Enhanced Spin-Orbit Torques and Magnetization Switching through Interface Engineering

TL;DR

This paper investigates the physics behind spin-orbit torques in heterostructures, proposing a new model that explains field-free magnetization switching through interface engineering and chemical potential gradients.

Contribution

It introduces a formula to evaluate perpendicular effective fields considering resistivity differences and interface effects, advancing understanding of spin-orbit torque mechanisms.

Findings

New torque mechanism may enable field-free switching.

Interface engineering influences spin current injection.

Model aligns with experimental observations of switching.

Abstract

The origin of spin-orbit torques generated from the conversion of charge-to-spin currents is of considerable debate. Solid understanding of the physics behind is key to the development of current and voltage controlled switching dynamics in ultrathin heterostuctures. The field free switching observed recently (Phys. Rev. Lett. 120, 117703 (2018)) in a Pt/W/CoFeB structure has intensified such a debate.

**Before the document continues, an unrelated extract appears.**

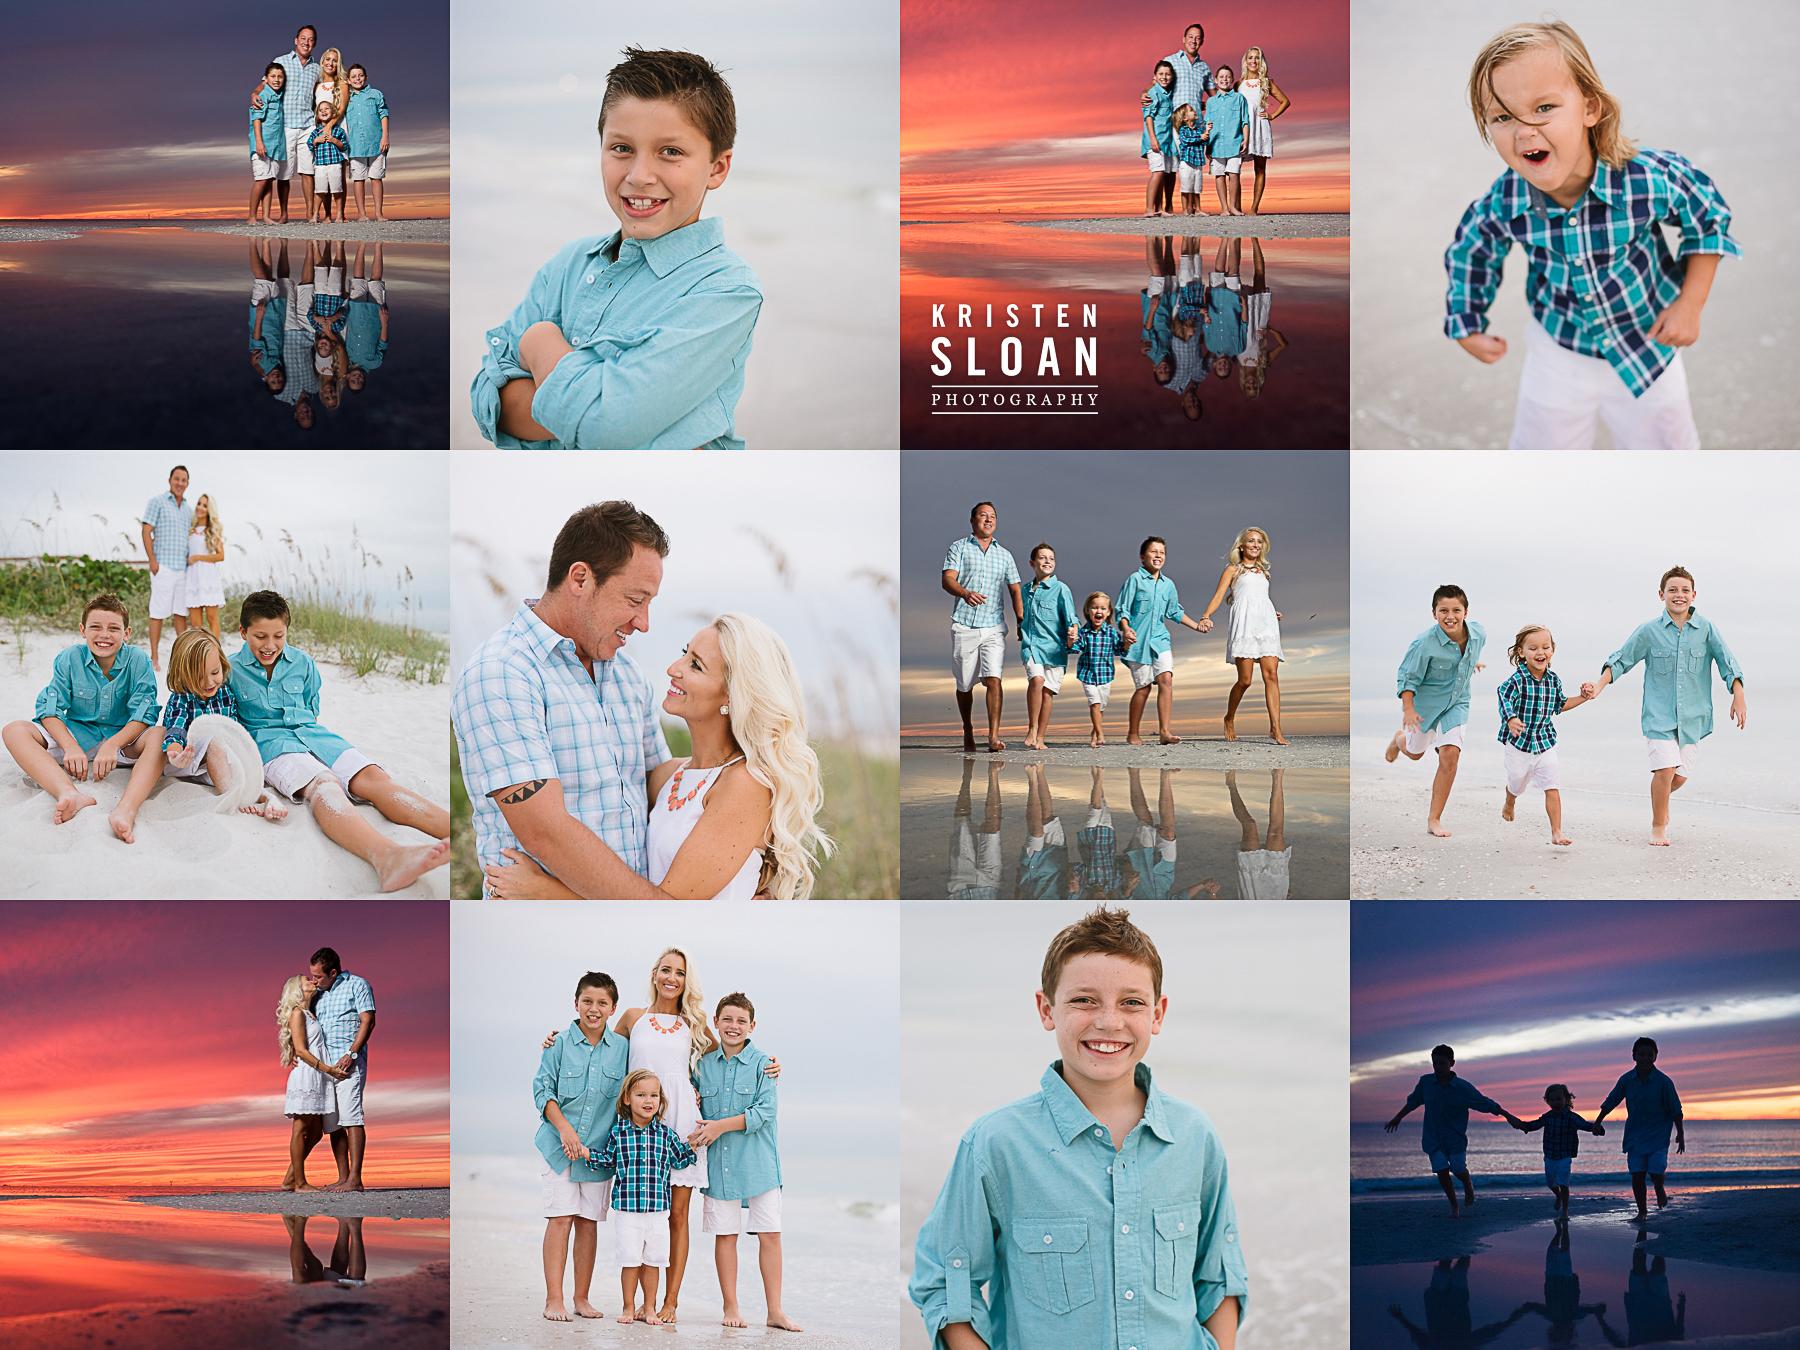 Sand Pebble Resort Condos Treasure Island Beach Family Portrait Photos at Sunset |Treasure Island FL Photographer | Gulf Coast Florida Sunset
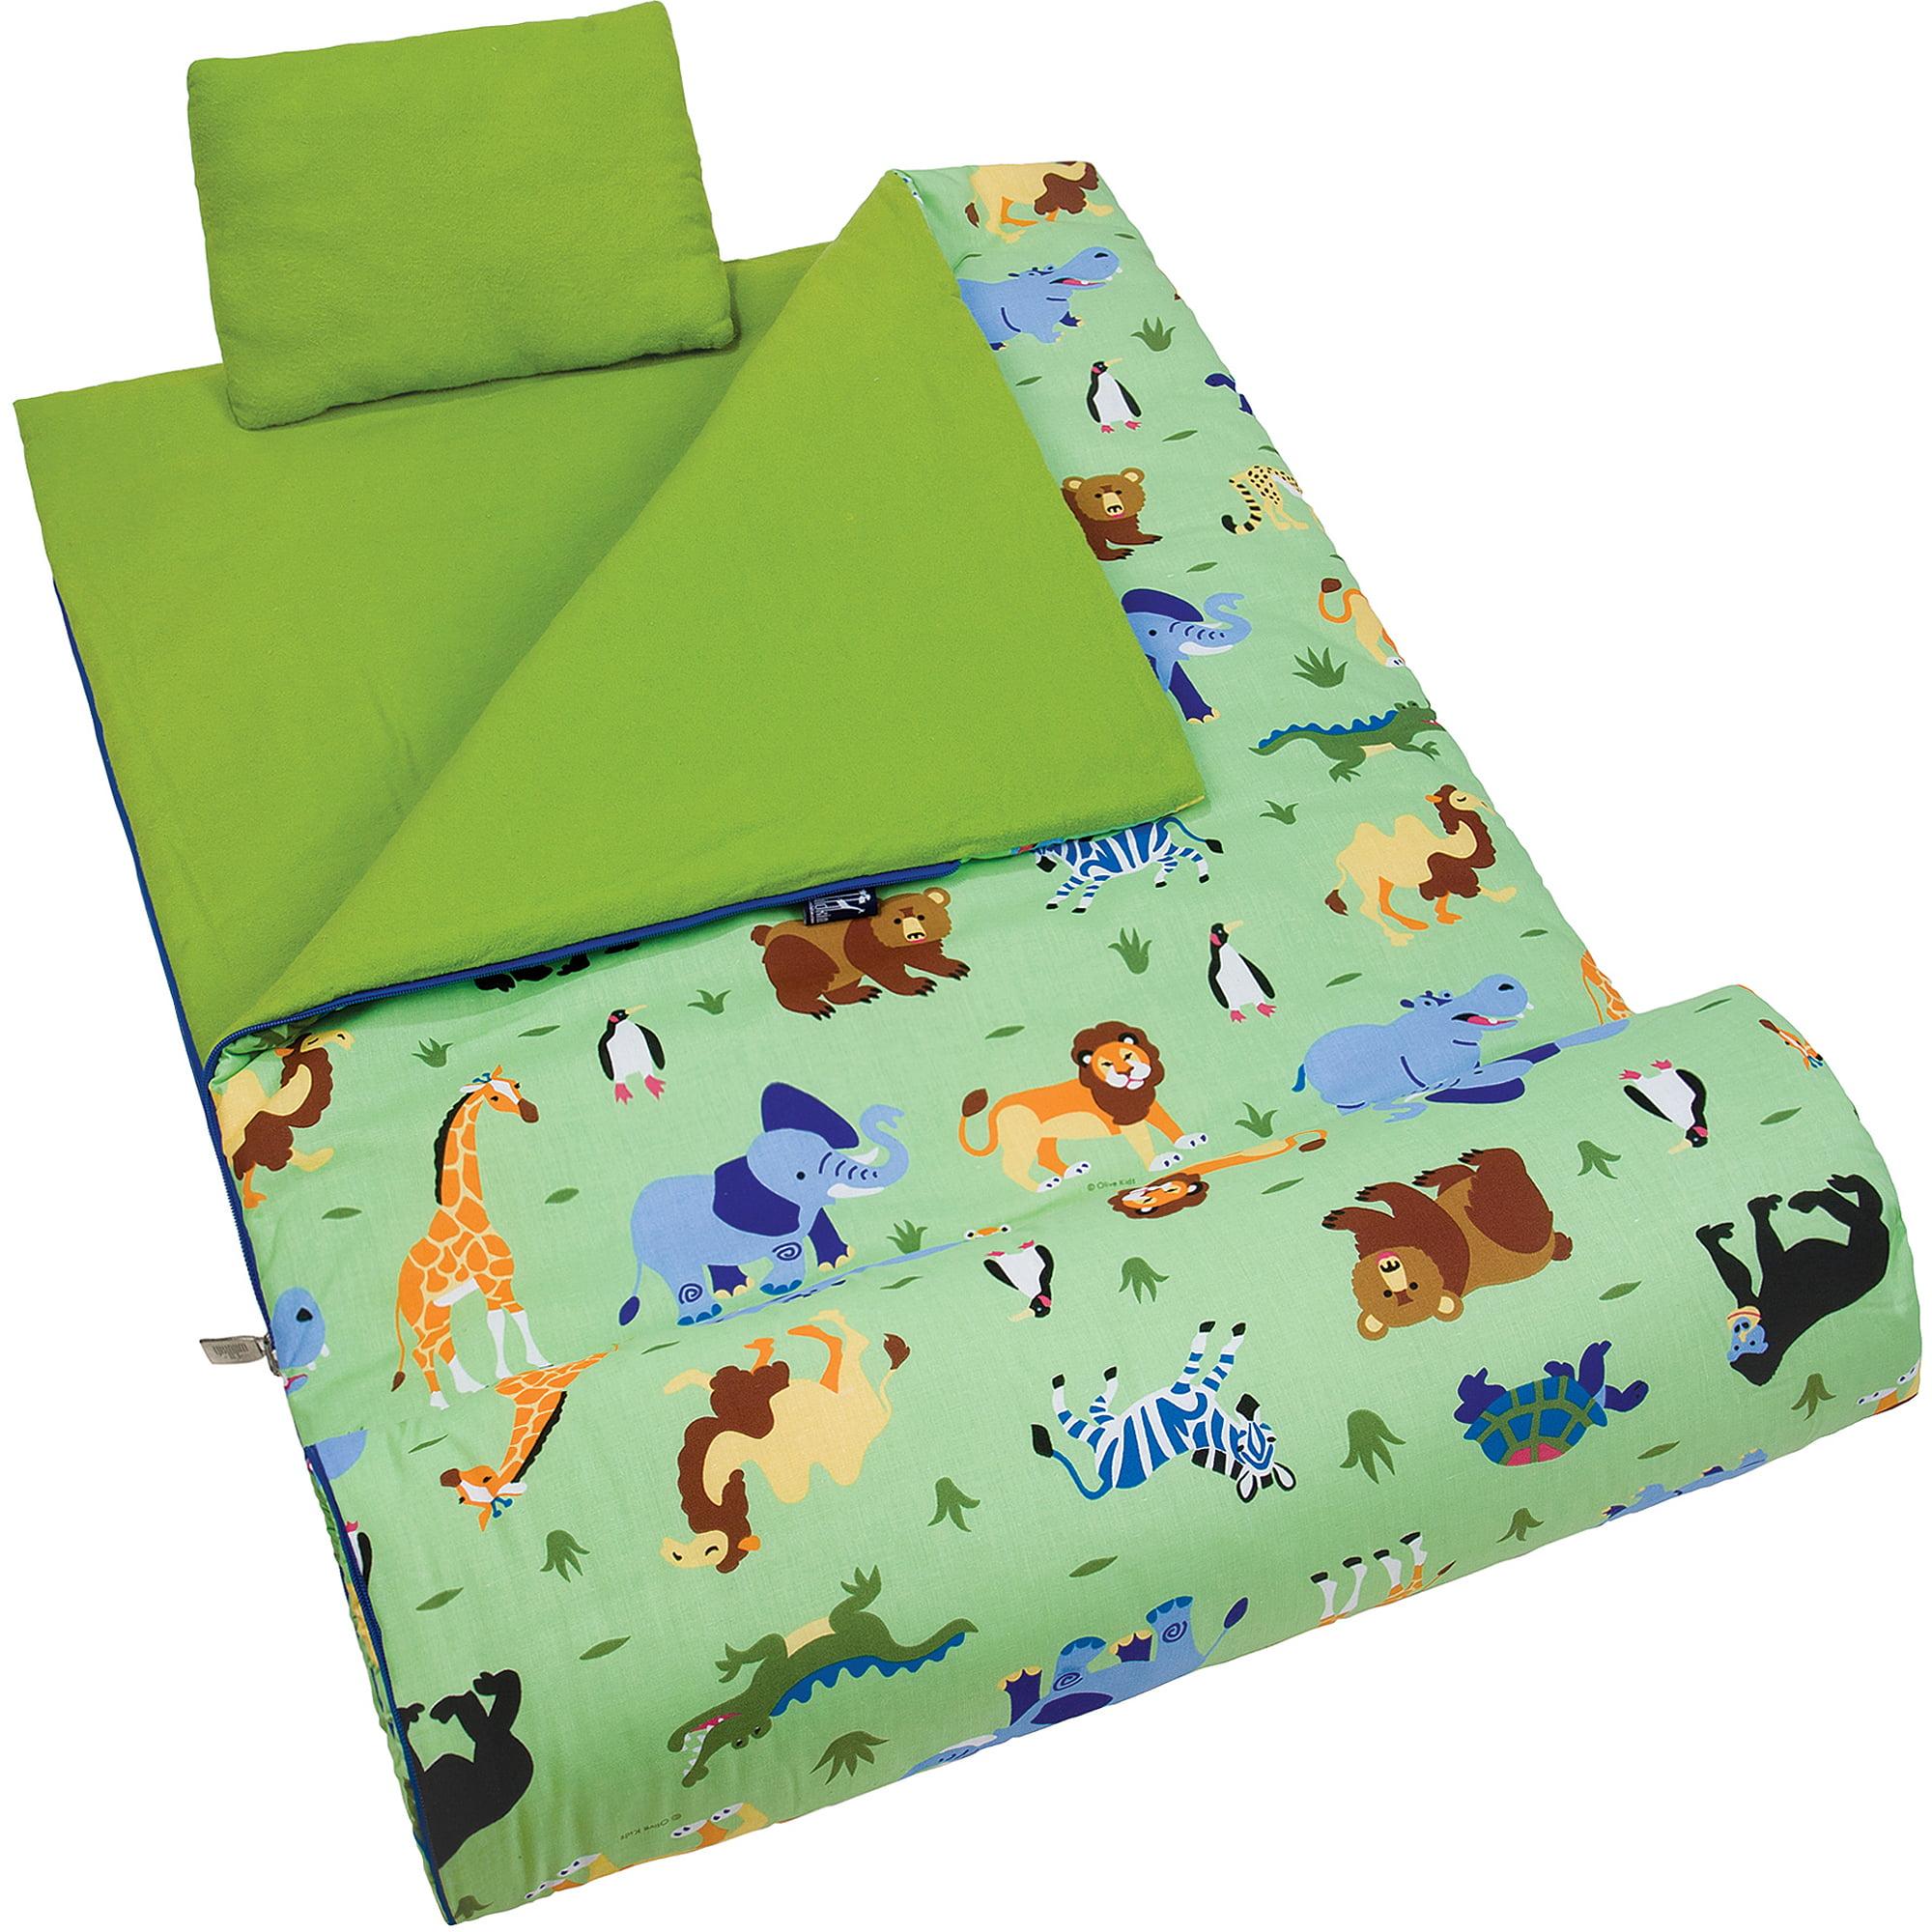 Olive Kids' Wild Animals Sleeping Bag

Here we derive a formula to evaluate a perpendicular effective field generated when the current flows through the heterostructure, considering the large resistivity difference between the two normal metal layers and the chemical potential gradient created at the interface. Together with recent X-ray photoelectron spectroscopy findings at the interface of a Pd/CoFeB structure, we conclude that a new torque generated may play a key role in the field free switching. The model and mechanism proposed agrees with previous reports on spin current injection and field free switching using different interface engineering methods.